WORK INSTRUCTIONS:
From the line with "高評価安い古美術 朝鮮古陶磁器 李朝" to the line with "Smart like Kimberly.", retype each line exactly as it stands in the records below, but skip the pictures.

ENTRIES SHOWN:
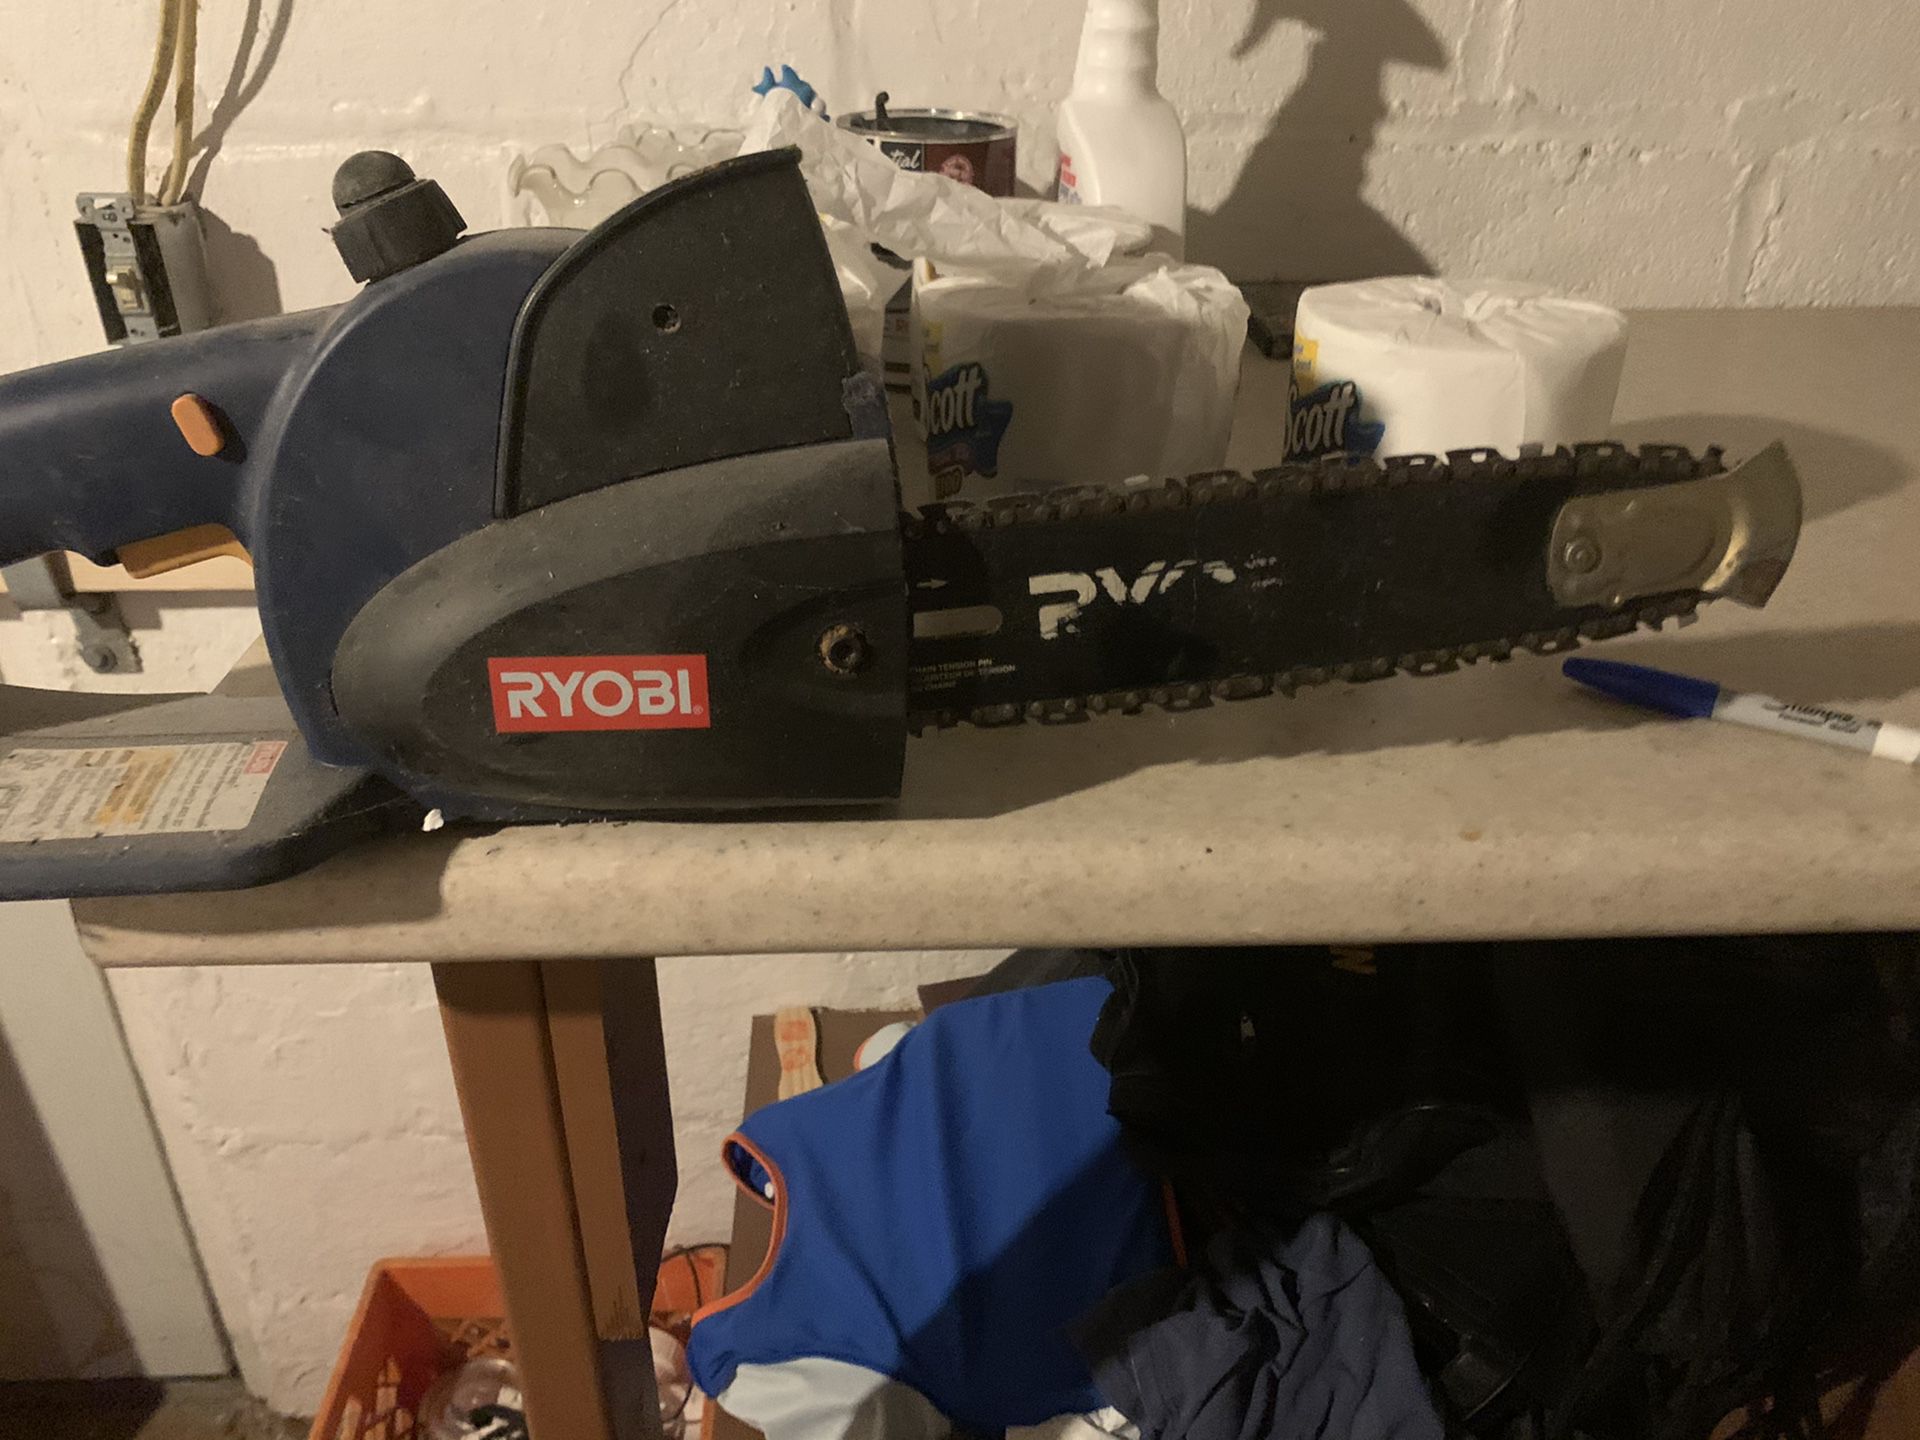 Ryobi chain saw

...

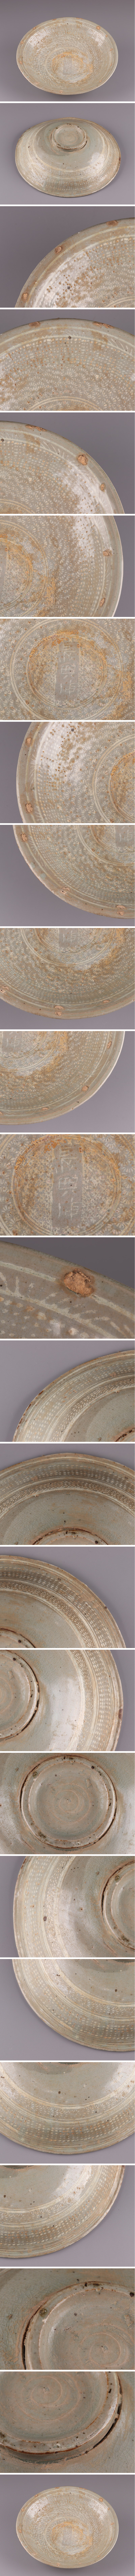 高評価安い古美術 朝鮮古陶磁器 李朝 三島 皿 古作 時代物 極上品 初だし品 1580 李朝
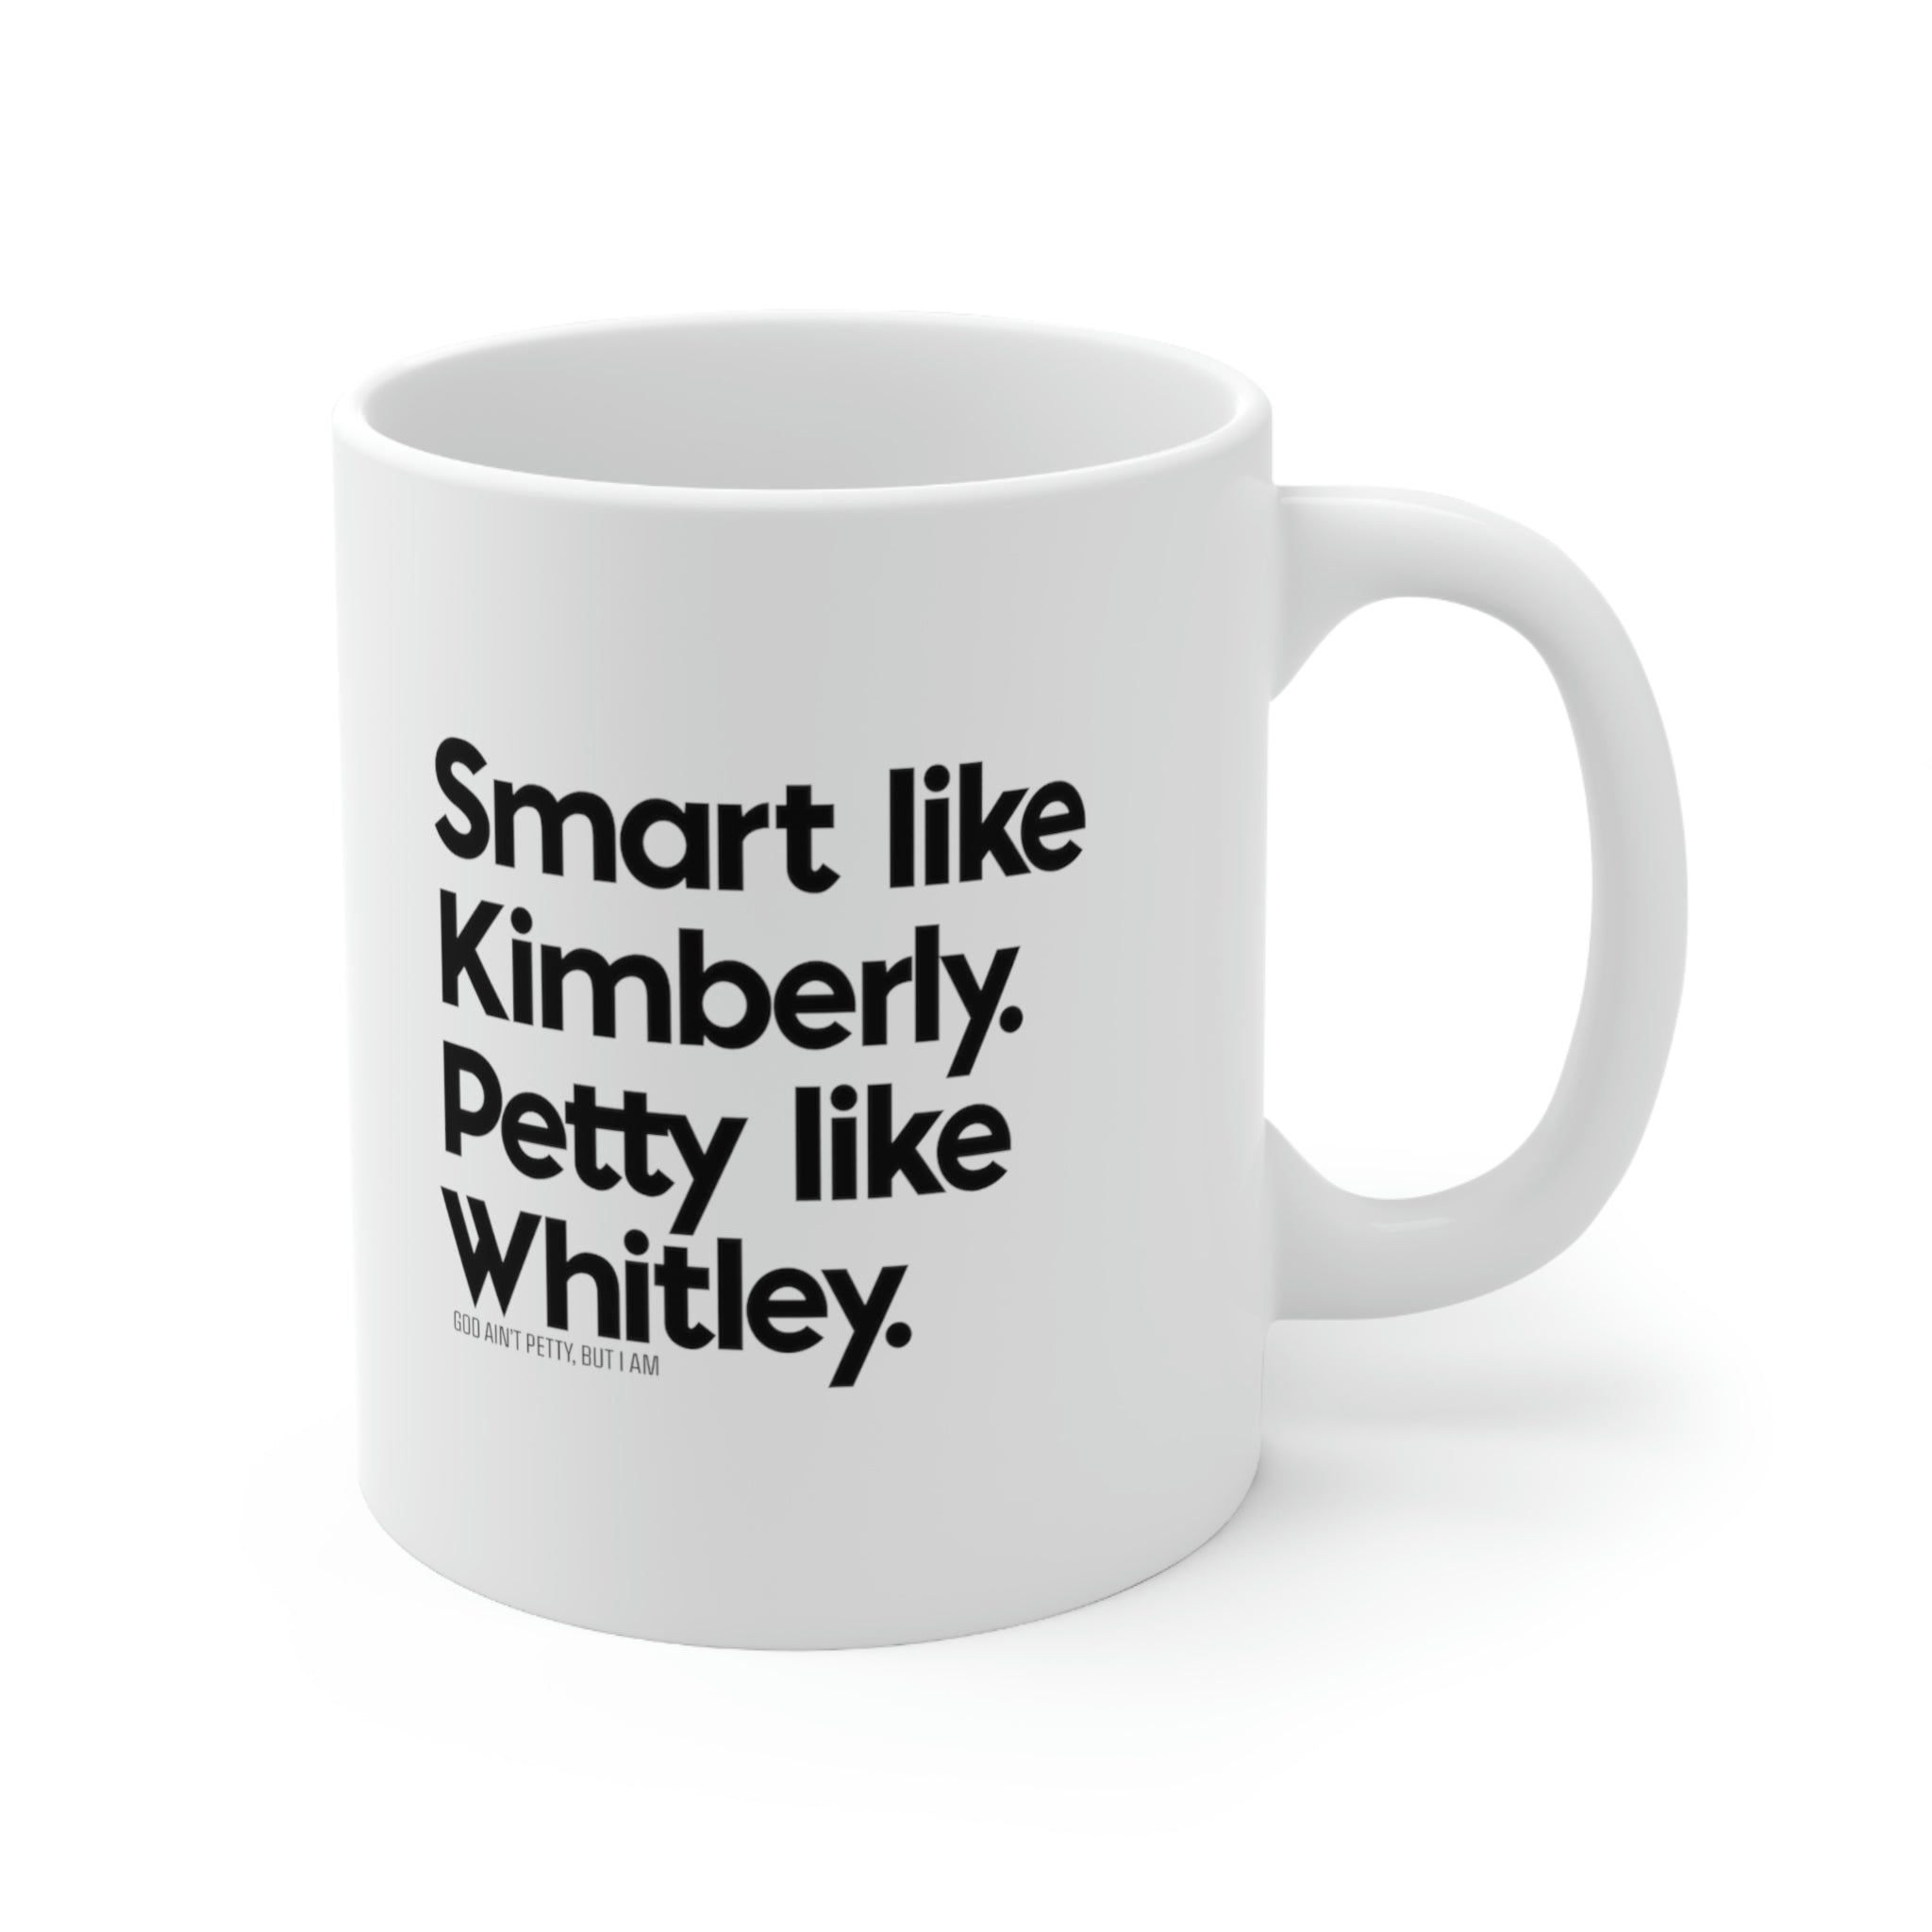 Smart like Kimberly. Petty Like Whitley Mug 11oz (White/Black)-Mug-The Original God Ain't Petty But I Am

ANSWER AREA:
 高評価安い古美術 朝鮮古陶磁器 李朝 三島 皿 古作 時代物 極上品 初だし品 1580 李朝
 Smart like Kimberly. Petty Like Whitley Mug 11oz (White/Black)-Mug-The Original God Ain't Petty But I Am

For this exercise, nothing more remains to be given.